# cleaning..with water changes



## 1waypiranha (Nov 6, 2003)

hey..i just pulled a 20% water change on my 30G...and i do it about once ever 1 and a half weeks..i was just wonderin because i do that..what happens will all the P's crap that is in the gravel do i have to do anything with that if i do consistant water changes???


----------



## 808homegrown (Sep 4, 2003)

whenever i do water changes, i always vacuum the bottom of as much crap as i can get. remember to always add dechlorinator & stress coat.


----------



## newtoblackrhoms (Oct 31, 2003)

i dont vac as much as i do water changes! when i see the fish brush the bottom of the tank and his crap is visable , thats when i vac!


----------



## sweet lu (Oct 3, 2003)

i do waters about every other week because i dont like to stress out my piranhas


----------



## fluidnyc (Oct 15, 2003)

I do water changes every saturday..with gravel syphon.

Gotta keep that gravel clean.


----------



## akio525 (Sep 4, 2003)

You have to clean your gravel along with the water changes. You may not have to clean the gravel everytime you change some water but you should do it at least 1-2 times a month.


----------



## Red Eyes (Nov 25, 2003)

The gravel helps to trap the p's crap but it doesn't get rid of it. Personally I 
don't like seeing all the crap on the bottom so everytime I do a water change
I vacuum too!! (once a week)


----------



## nigaphan (Oct 28, 2003)

i dont think you gotta vacuum every week.......unless u gotz a sh*t load of fish in a small tank.....i usually change water like everyone each week 10-20% and vacuum every 2-3 weeks.......check you nitrites and ammonia to see the difference


----------



## Guest (Dec 1, 2003)

I figure the solid crap contains alot more potential Nitrogenous waste than what's in the water, so I always make a point of vacuuming at least part of the gravel every time I do a water change.

I also reduced the amount of gravel in my tank, so it's only about two pebbles high. This facilitates vacuuming up the crap.


----------



## RhomZilla (Feb 12, 2003)

Honestly, I do a vaccum/water change every other week. Vaccuming anfd water change should be done together to help kill 2 birds with one stone.


----------



## nigaphan (Oct 28, 2003)

yea true rhom.....but with big tanks like yours....takes a sh*t load of time....
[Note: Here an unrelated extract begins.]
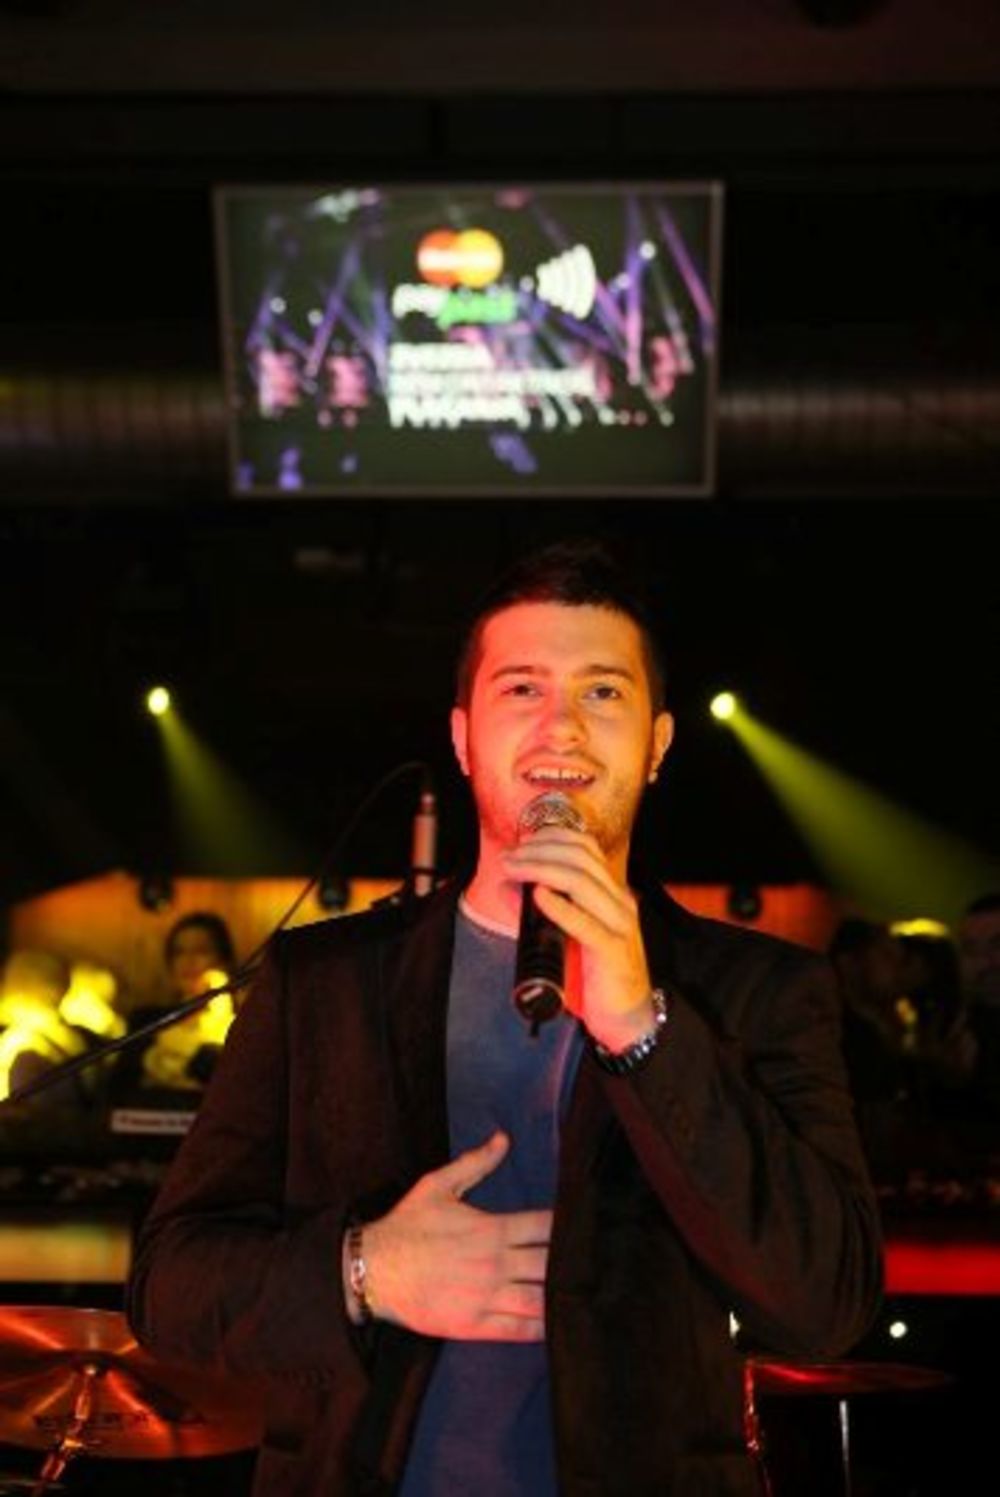 X Factor Adria proslavila je uspeh žurkom Factor VIP party u beogradskom klubu Loft,  ekskluzivnim događajem za partnere i saradnike iz medija. Za dobru atmosferu na MasterCard X Factor VIP žurki bili su zaduženi sadašnji i bivši učesnici X Factor-a: Daniel Ka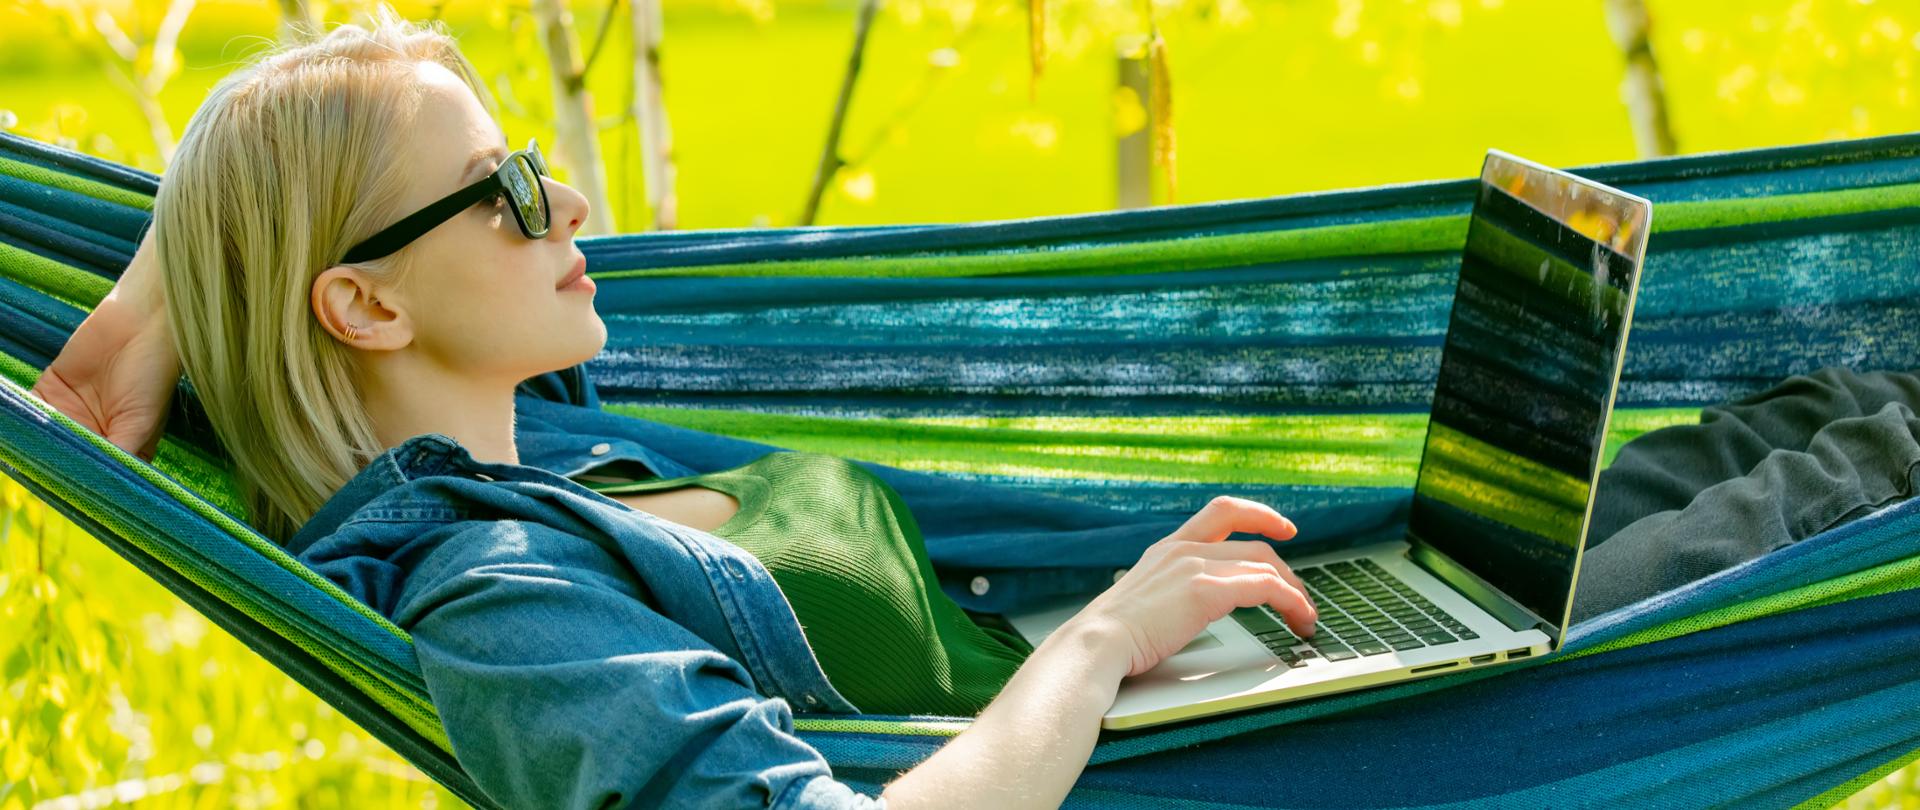 Młoda dziewczyna w okularach przeciwsłonecznych leży na hamaku i korzysta z laptopa.

......my few tanks already takes me a good few hrs to clean when i clean gravel and change water.....


----------



## Noe (Aug 22, 2003)

When I vacum the gravel that is when I do a water change at the same time.


----------



## newportman (Dec 14, 2003)

Bullsnake said:


> I figure the solid crap contains alot more potential Nitrogenous waste than what's in the water, so I always make a point of vacuuming at least part of the gravel every time I do a water change.
> 
> I also reduced the amount of gravel in my tank, so it's only about two pebbles high. This facilitates vacuuming up the crap.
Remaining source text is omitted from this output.